Given a binary tree where all the right nodes are either leaf nodes with a sibling (a left node that shares the same parent node) or empty, flip it upside down and turn it into a tree where the original right nodes turned into left leaf nodes. Return the new root.
Example:
Input: [1,2,3,4,5]
1
/ \
2 3
/ \
4 5Output: return the root of the binary tree [4,5,2,#,#,3,1]
4
/ \
5 2
/ \
3 1
Clarification:
Confused what [4,5,2,#,#,3,1] means?
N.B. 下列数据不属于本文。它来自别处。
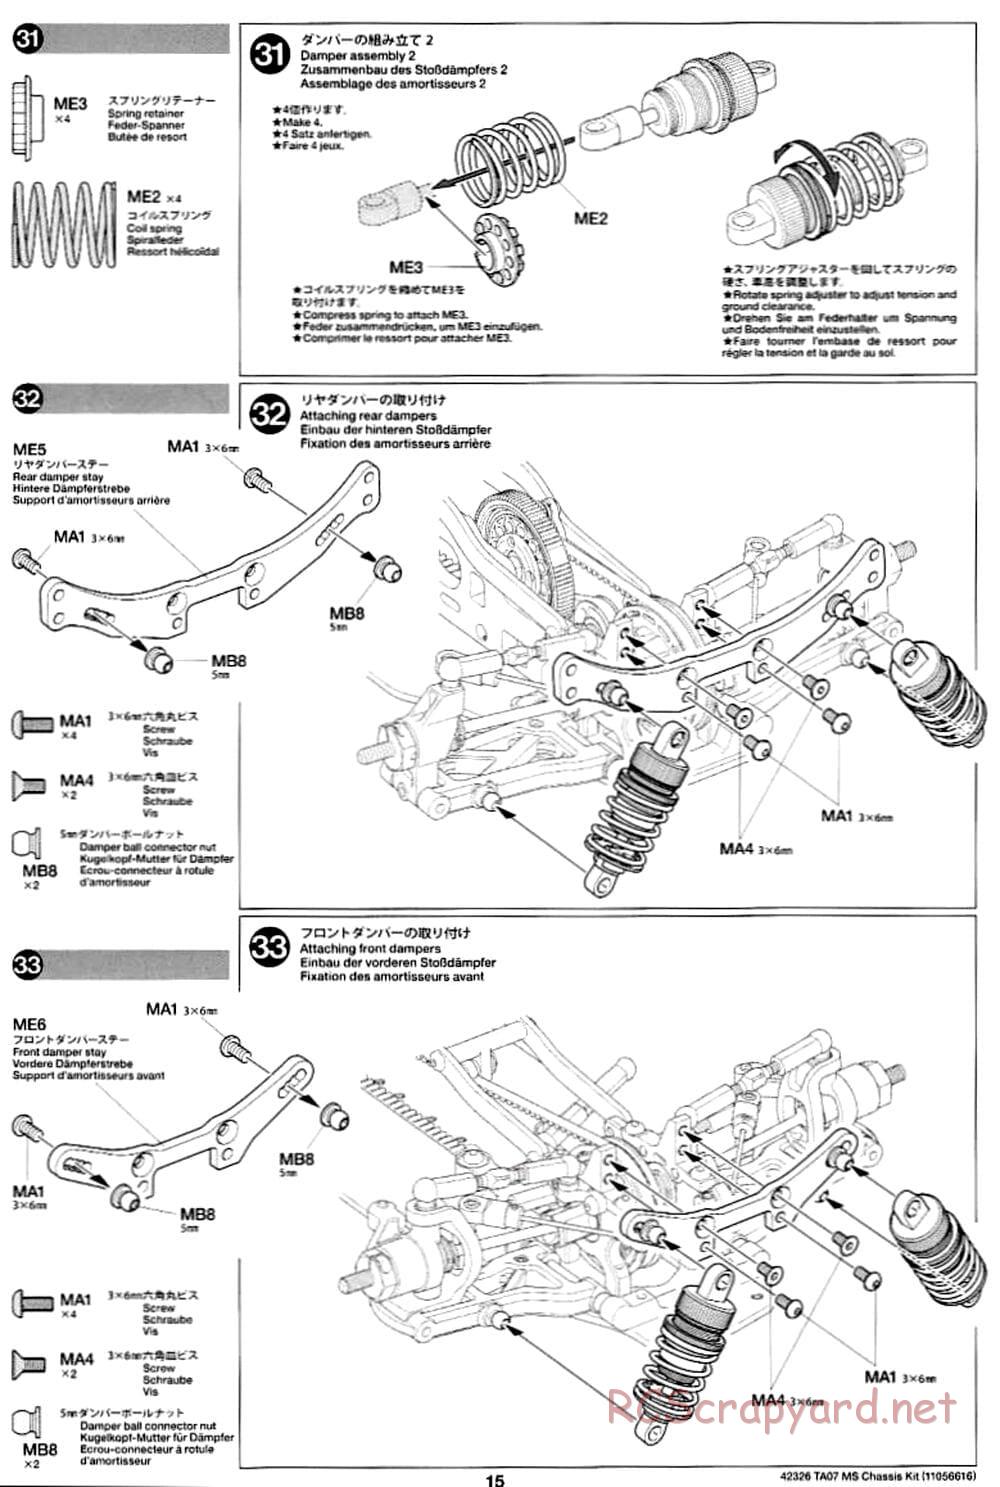 Tamiya - TA07 MS Chassis - Manual - Page 15

Read more below on how binary tree is serialized on OJ.
The serialization of a binary tree follows a level order traversal, where '#' signifies a path terminator where no node exists below.
Here's an example:
1
/ \
2 3
/
4
\
5
The above binary tree is serialized as [1,2,3,#,#,4,#,#,5].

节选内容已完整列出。